This project classified mail whether it spam or not spam. SVM has been used to classify the mails. cvx and libSVM package have been used. The packages are a part of repository. The code is in matlab. There are scripts using two kernels, one linear and one gaussian.
Data is a subset of 2005 TREC Public Spam Corpus. It contains a training set and a test set. Both files use the same format: each line represents the space-delimited properties of an email, with the first one being the email ID, the second one being whether it is a spam or ham (non-spam), and the rest are words and their occurrence numbers in this email. The dataset presented to you is processed version of the original dataset where non-word characters have been removed and some basic feature selection has been done.
- Run
transform_data.py
. It parses the dataset and produces two files , one with features and one with classifcation of mail. - Use the script in this way : `python transform_data.py <no. of lines on train data> <no. of lines in test data file>
- Setup cvx into matlab or octave.

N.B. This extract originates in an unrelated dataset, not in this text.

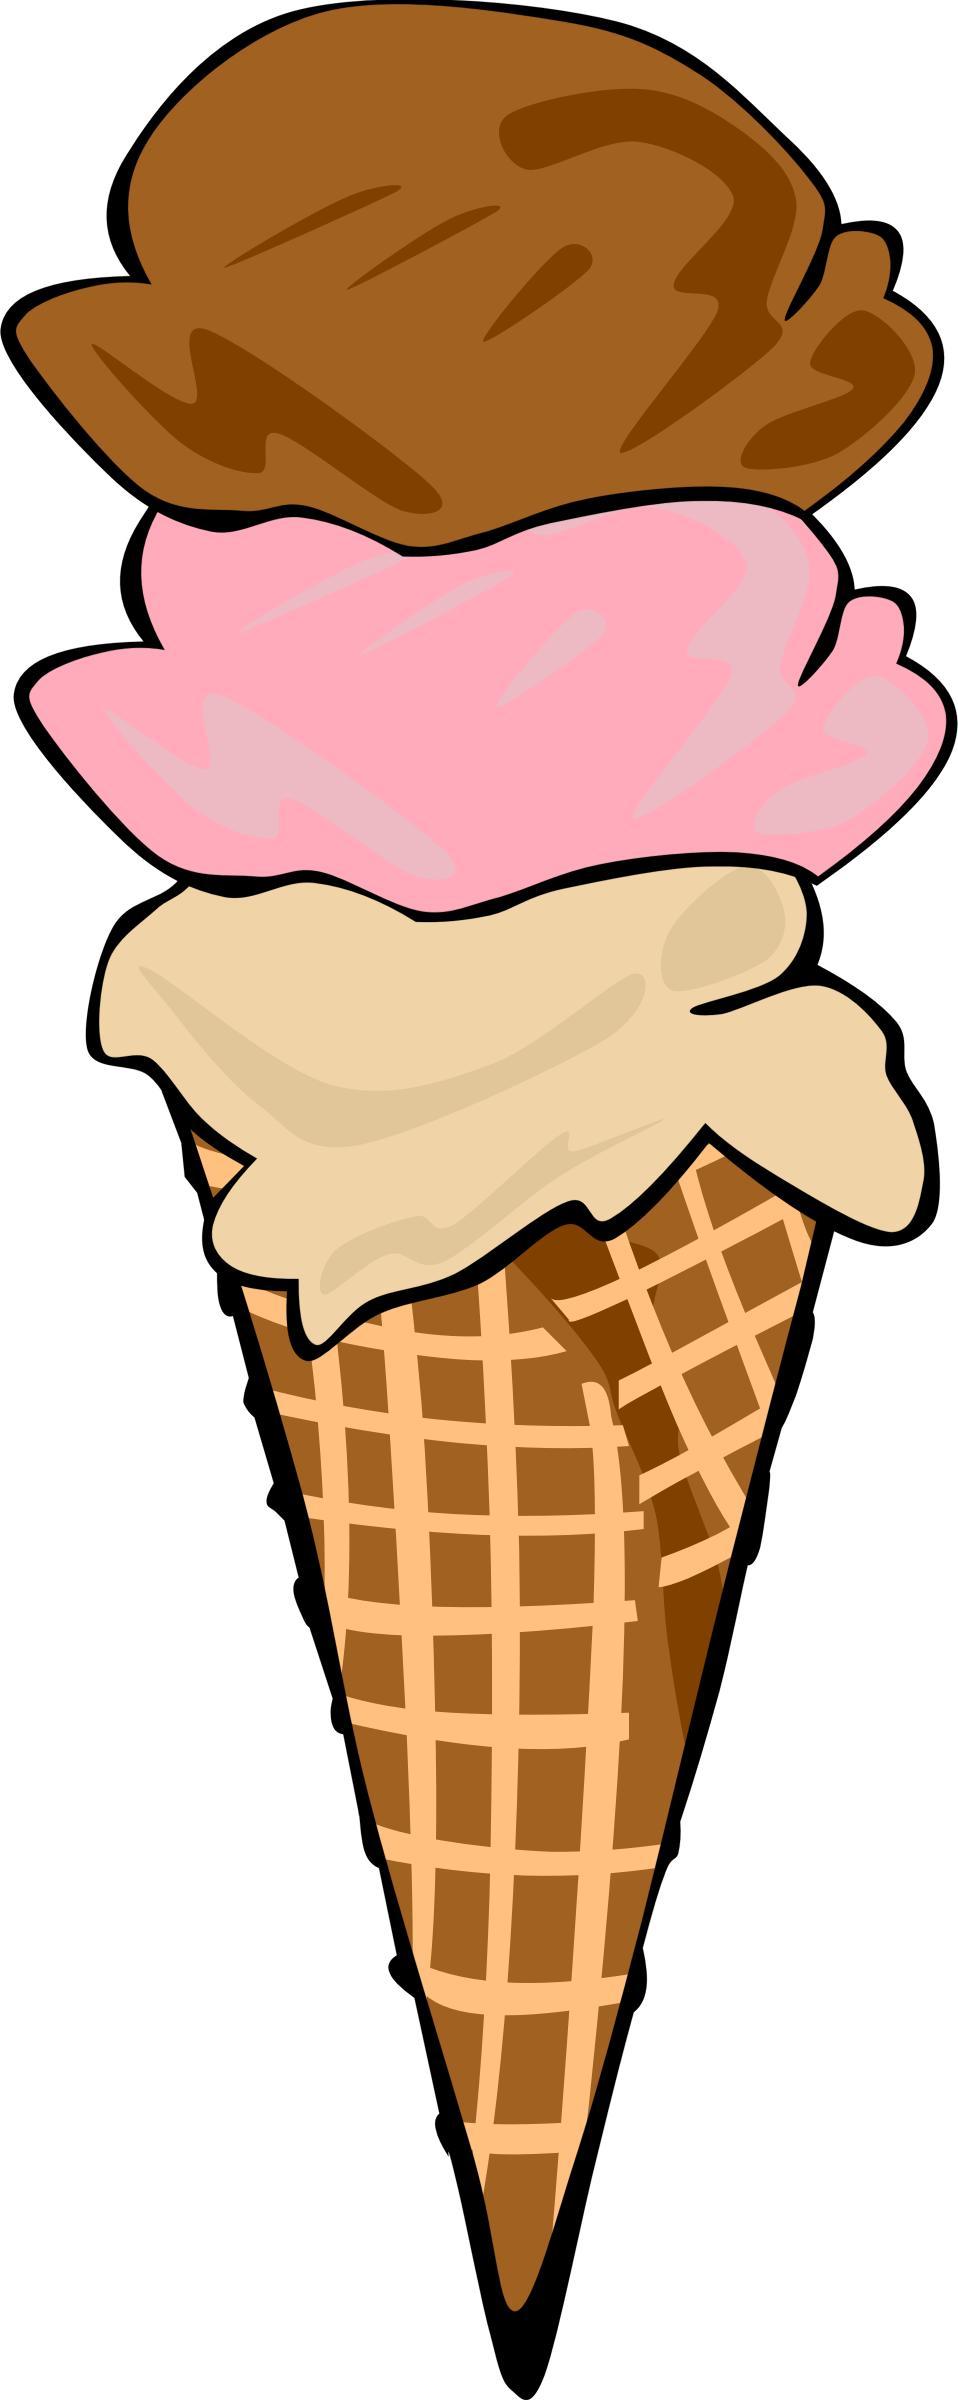 Fast Food, Desserts, Ice Cream Cones, Waffle, Triple png transparent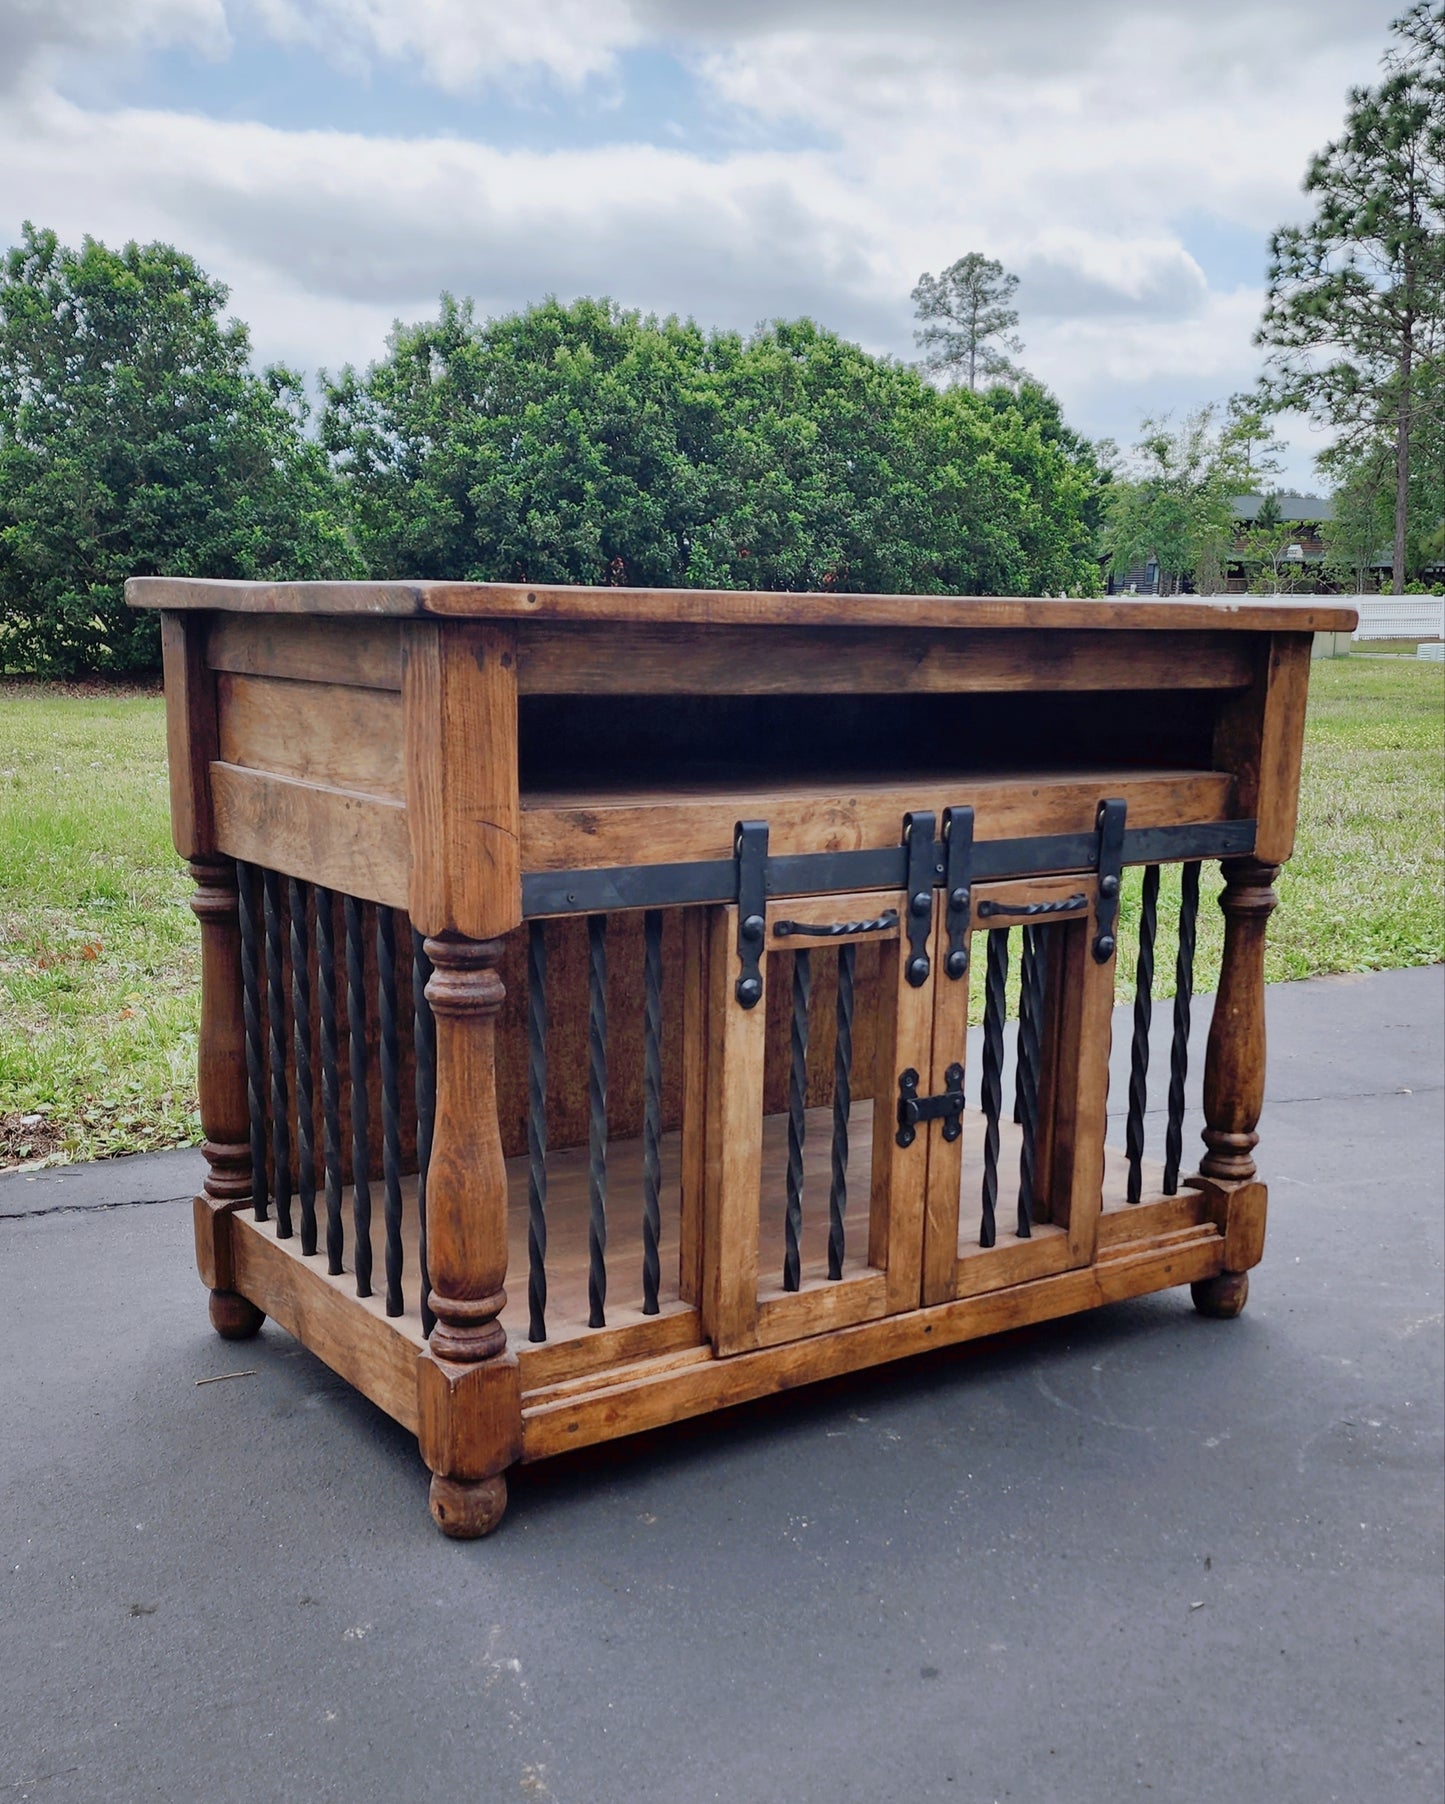 48" Rustic double sliding console dog kennel

Follow the instructions given in cvx package.
- Run the script to get the accuracy as output. More features can be added to dataset by changing the python script.
- To use the libSVm , setup it up using the instructionsin libSVM package.
- Run the matlab script to get the accuracy.
Report on performance of SVM on this particular dataset and the results are included in Analysis.docx file. No major feature engineering was done to get the results. Many more things can be done to increase the performance of the system.